Applications of semantically informed grammatical processing:
One application for which deep syntactic parsing has been utilized is Opinion Mining. As part of the long-term collaboration with Shanghai Jiao Tong University, we jointly participated in the Chinese Opinion Analysis Evaluation 2009 using a system with integrated syntactic and semantic analysis. A second application is the recognition of textual entailment, which in turn can be used for question answering or other forms of semantic search. In this application, both syntactic and semantic dependency structures have been successfully used. Dinu & Wang (2009) present a study on using DIRT inference rules in the recognizing textual entailment task (RTE), and achieved moderate improvement.
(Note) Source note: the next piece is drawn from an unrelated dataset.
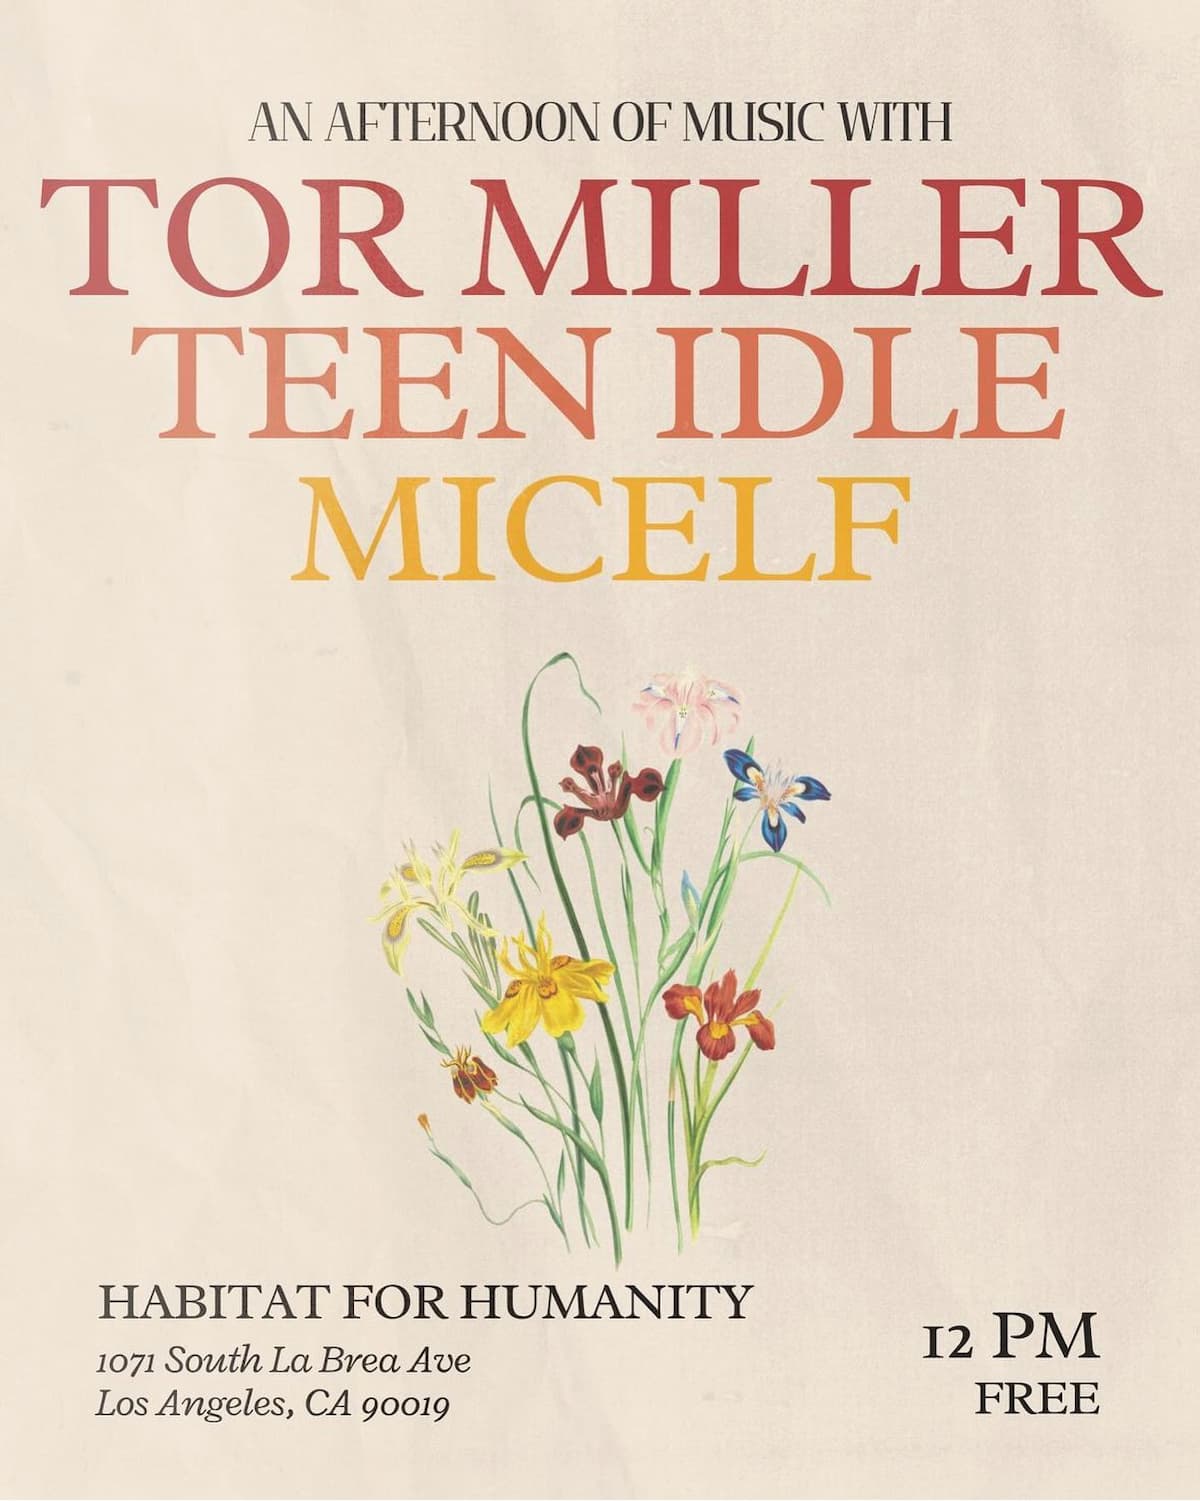 Tor Miller / Teen Idol / Micelf

In 2009, Wang and Zhang showed that shallow semantic analysis like predicate-argument structures brings significant improvement in the RTE task.
Minimally supervised relation extraction:
The central goal of this research is to continue the successful application of linguistic analysis methods in bootstrapping approaches to the automatic learning of relation extraction grammars. In 2008, Xu et al. were able to demonstrate a novel kind of coference resolution that exploits the domain knowledge used for relation extraction. Another method for improving precision of relation extraction uses closed-world seeds that implicitly provide negative examples in addition to the positive ones. Recent experiments have utilized truly deep parsing (HPSG PET Parser with the ERG) for learning relation extraction grammars, yielding better results than were obtained using the semantic (RMRS) representations.
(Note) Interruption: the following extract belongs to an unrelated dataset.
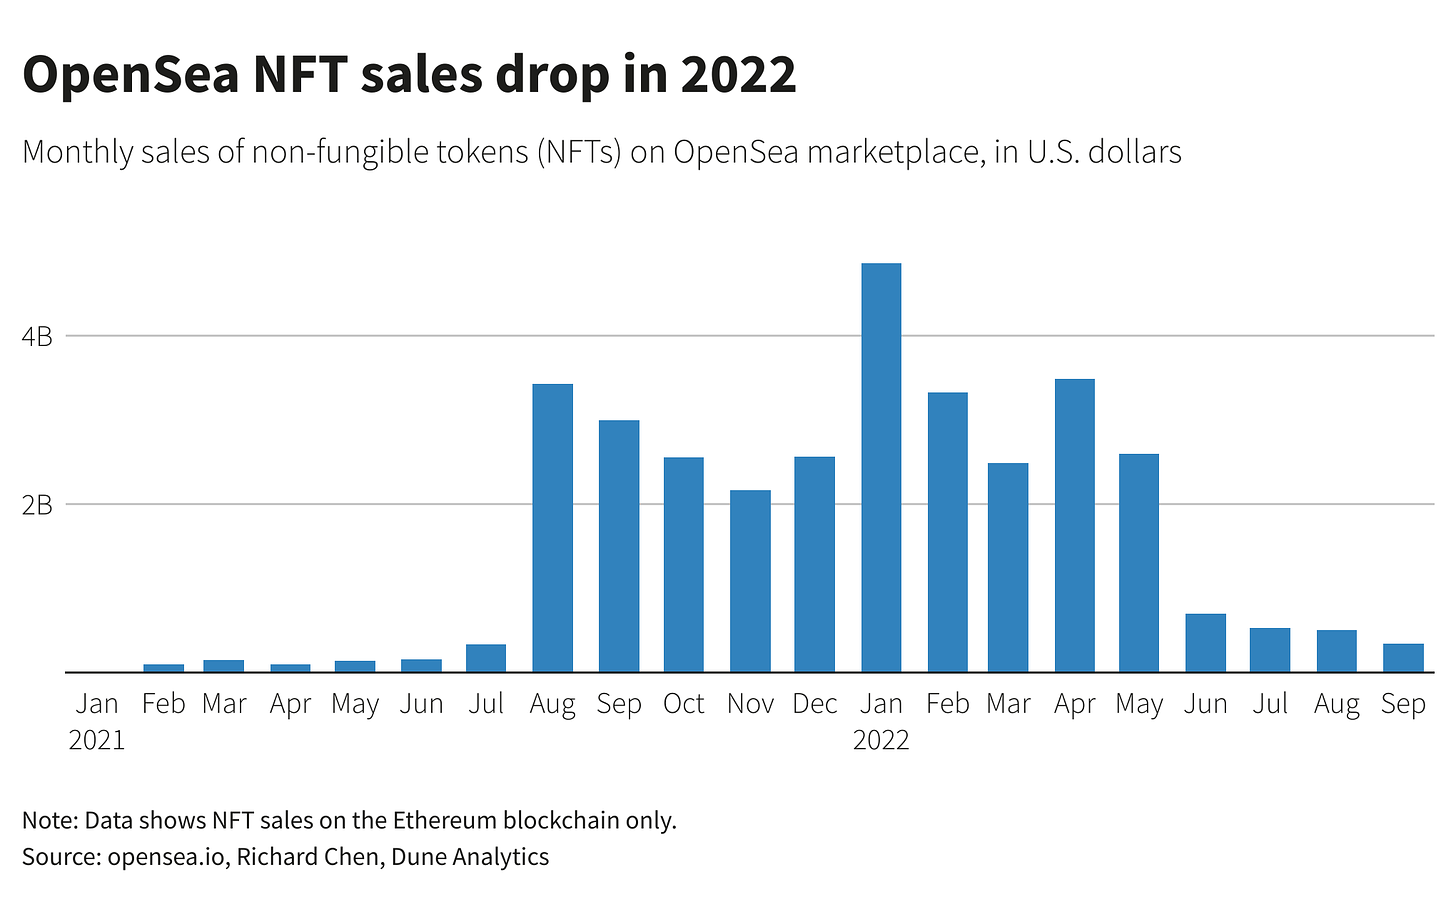 OpenSea NFT sales

Contextualization of distributional meaning representations:
Thater, Fürstenau, and Pinkal developed syntactically enriched vector models supporting the computation of contextualized semantic representations, which allow one to assess semantic similarity between words in context, and associate usages with context-specific word senses. The approach makes crucial use of syntactic dependency information and second-order distributional frequencies. The application of their model to the SemEval 2007 lexical substitution task substantially outperforms all preceding systems. G. Dinu, Pinkal's doctoral student, employed a latent variable approach for the task of measuring context-specific semantic similarity: meanings are modeled as probability distributions over a set of latent senses, which are modified by contextual disambiguation. Although the collection of input frequencies is not syntax-sensitive, but rather uses a standard bag-of-words approach, her results are competitive on word similarity and lexical substitution tasks.
Work in several IRGs complements the RA1 research on contextualization. Titov and Kozhevnikov's work on bootstrapping semantic analyzers from non-contradictory texts successfully treats a known shortcoming of all existing distributional semantic approaches, i.e., the poor distinguishability of words in a lexical field with opposite polarity. Sporleder and Li successfully approached the open problem of token-level figurative speech detection as an important part of contextual disambiguation. In a collaboration with Pinkal's group, Koller and Thater provided a highly efficient method for ambiguity reduction on the sentence level.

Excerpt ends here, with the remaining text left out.